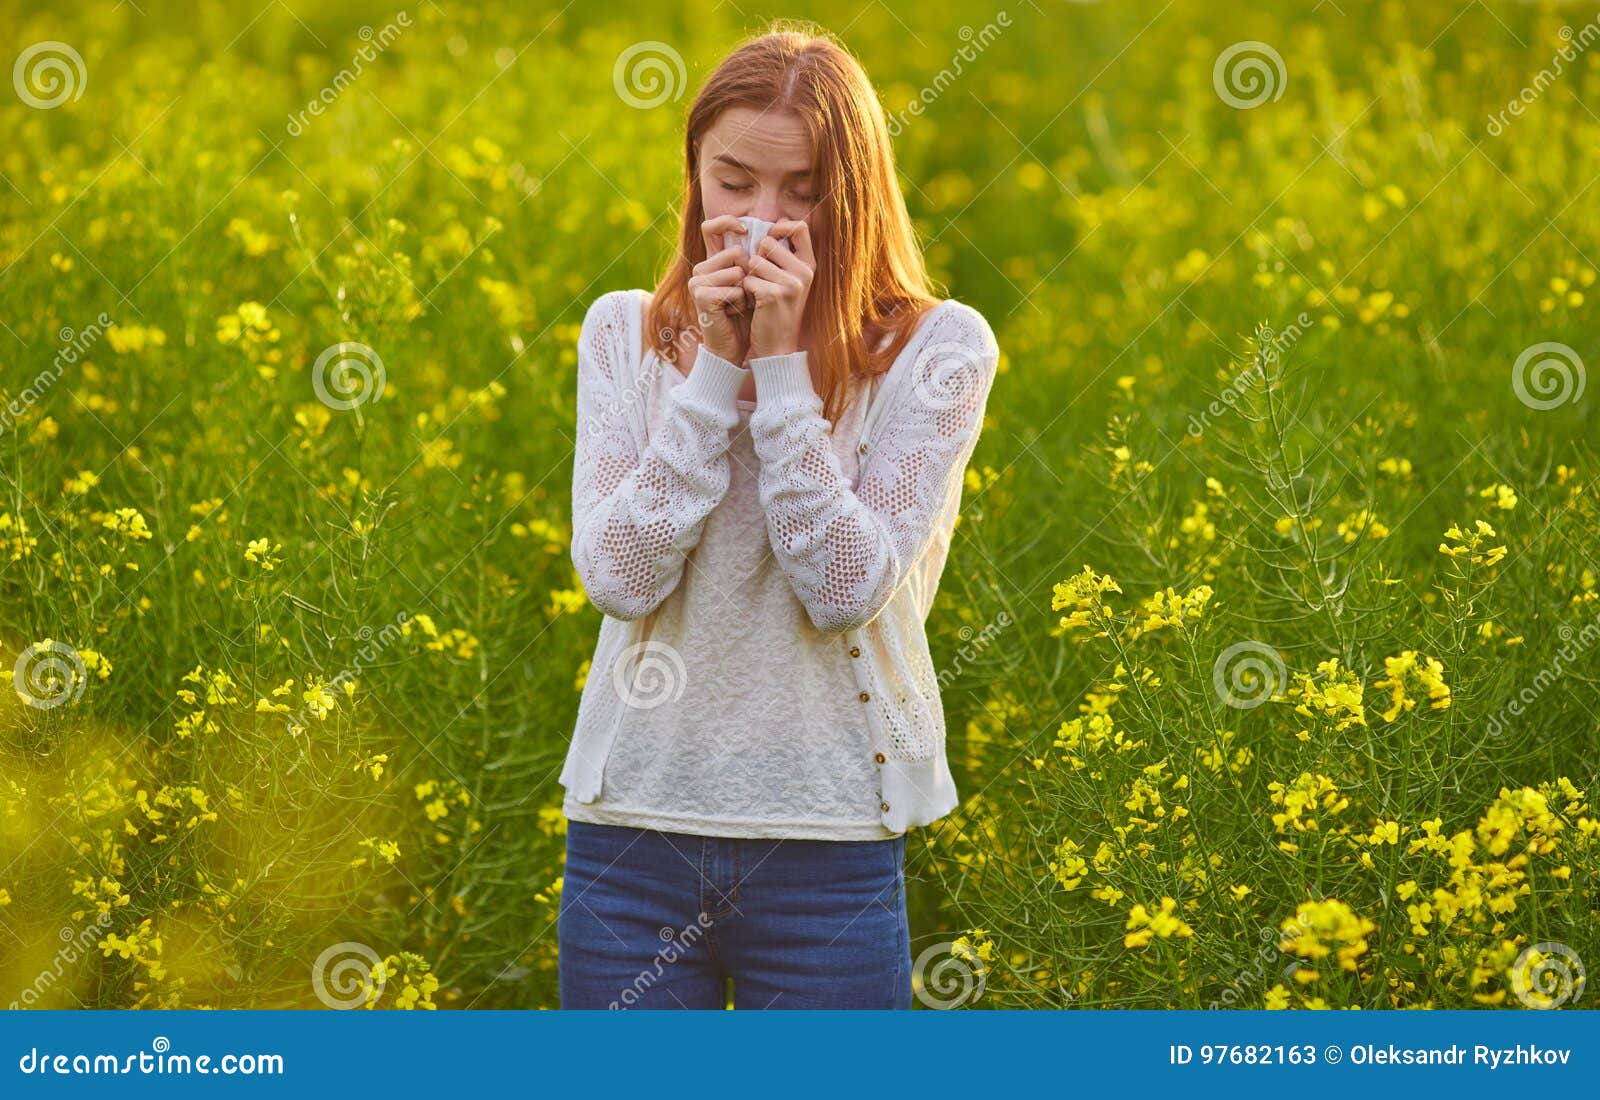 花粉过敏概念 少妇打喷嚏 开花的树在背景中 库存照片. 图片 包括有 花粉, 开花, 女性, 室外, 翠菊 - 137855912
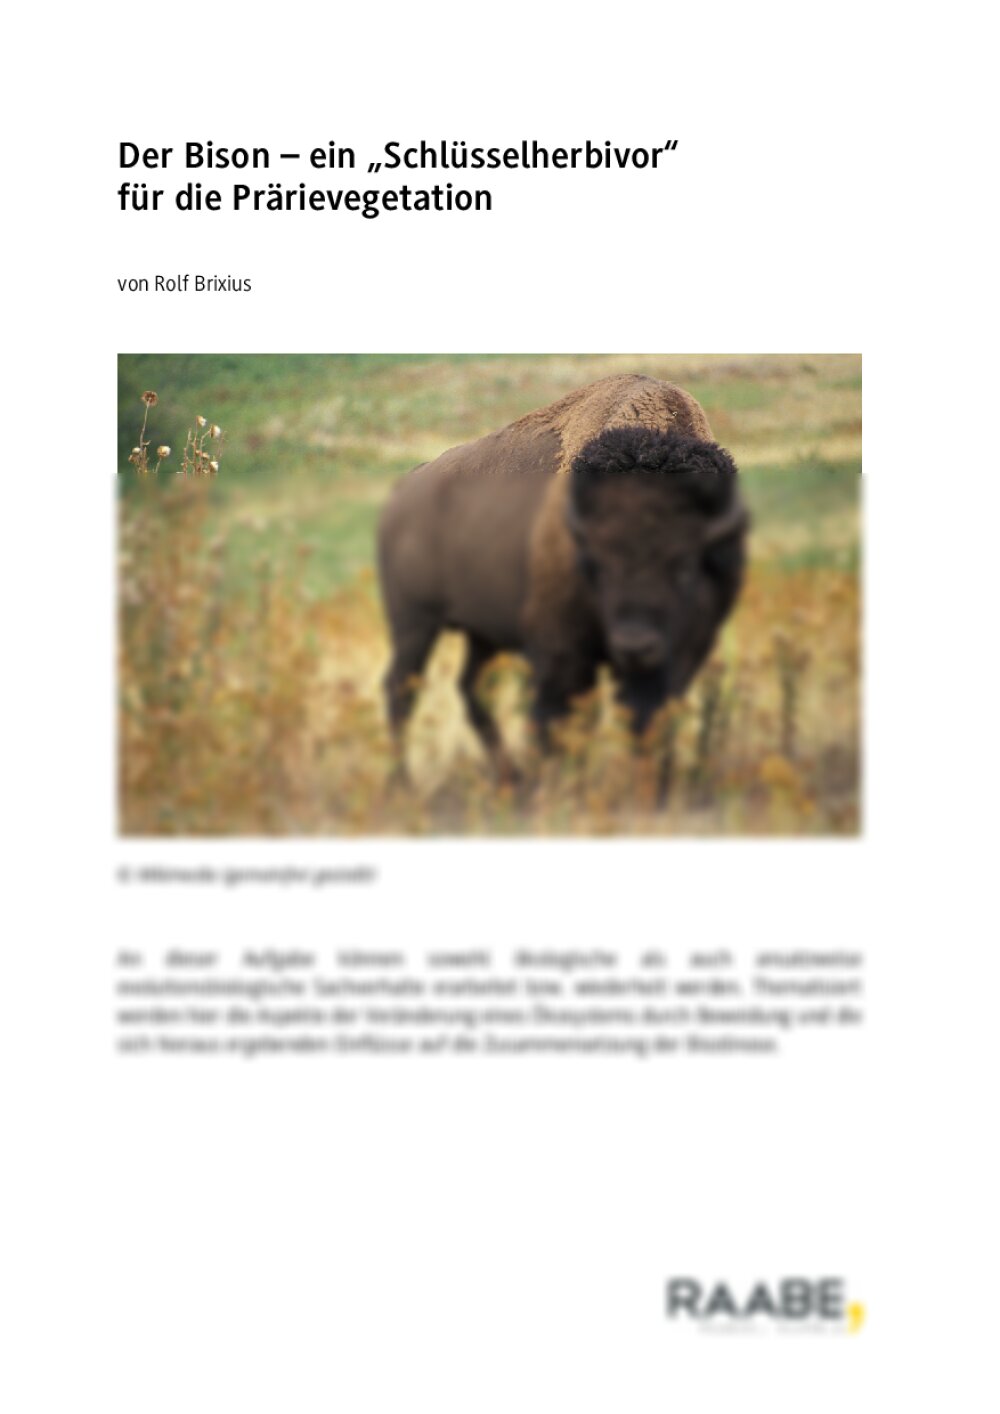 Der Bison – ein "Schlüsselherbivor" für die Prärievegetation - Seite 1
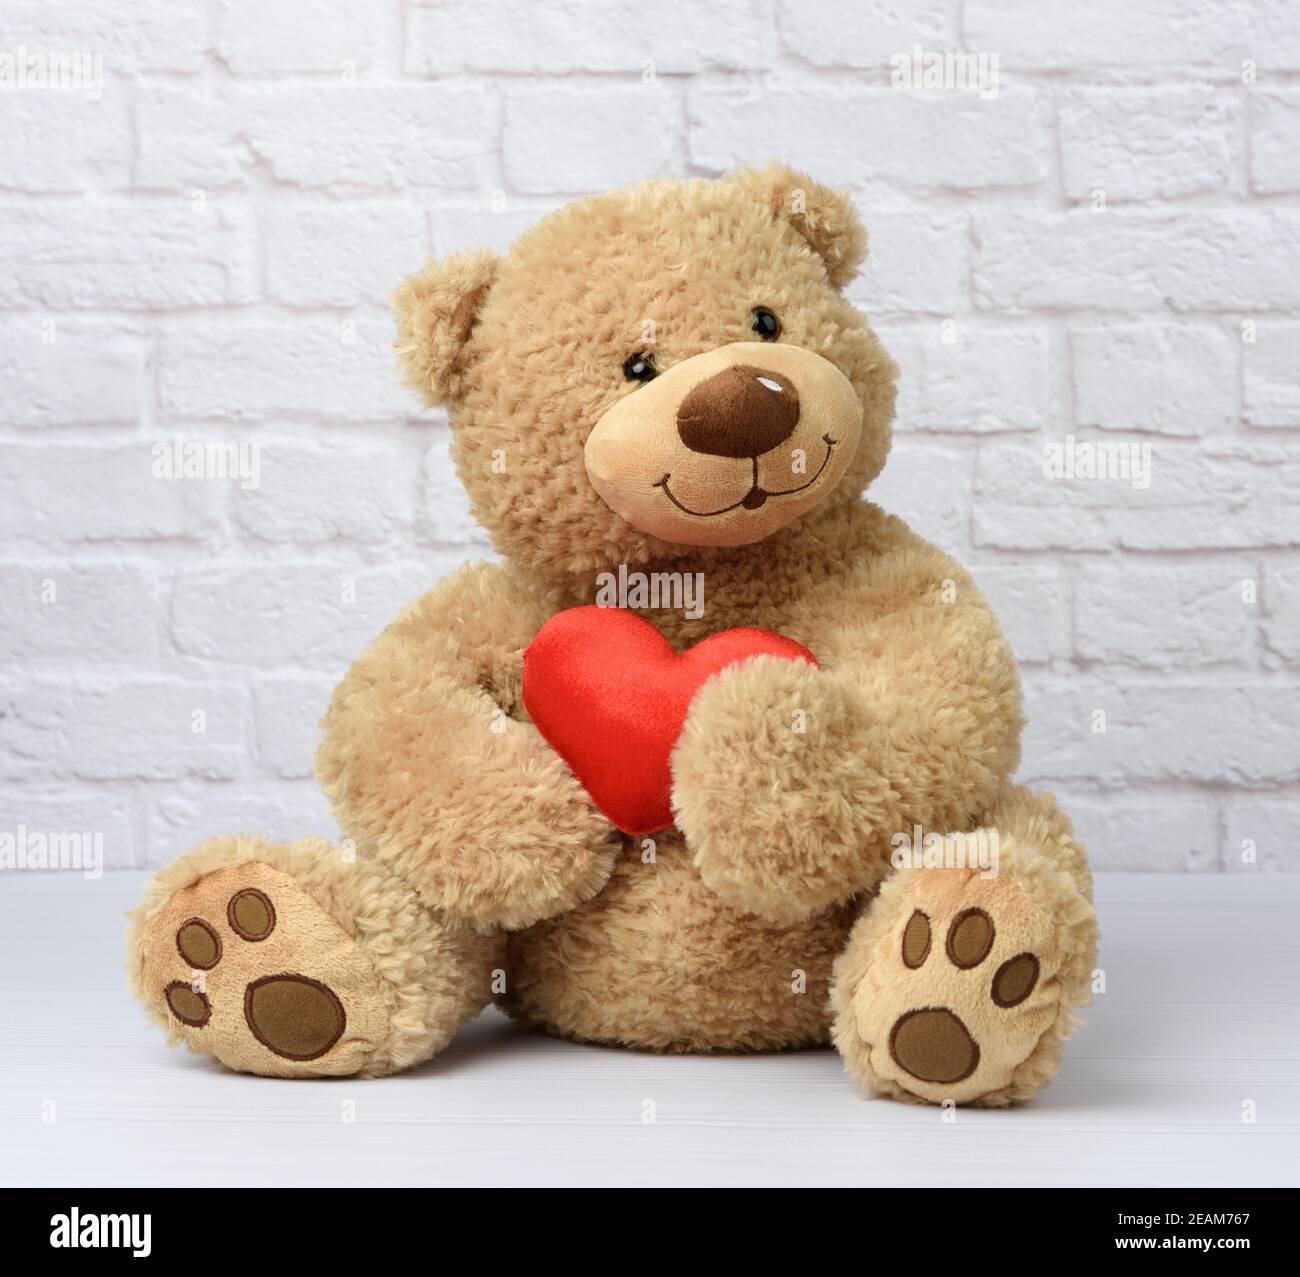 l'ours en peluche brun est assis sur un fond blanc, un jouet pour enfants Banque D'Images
★ ★ ★ ★
EXERCISE PROMPT: Where the data contains images, drop them and print the rest exactly.

EXERCISE ANSWER:
 花粉过敏概念 少妇打喷嚏 开花的树在背景中 库存照片. 图片 包括有 花粉, 开花, 女性, 室外, 翠菊 - 137855912
 Der Bison – ein "Schlüsselherbivor" für die Prärievegetation - Seite 1
 l'ours en peluche brun est assis sur un fond blanc, un jouet pour enfants Banque D'Images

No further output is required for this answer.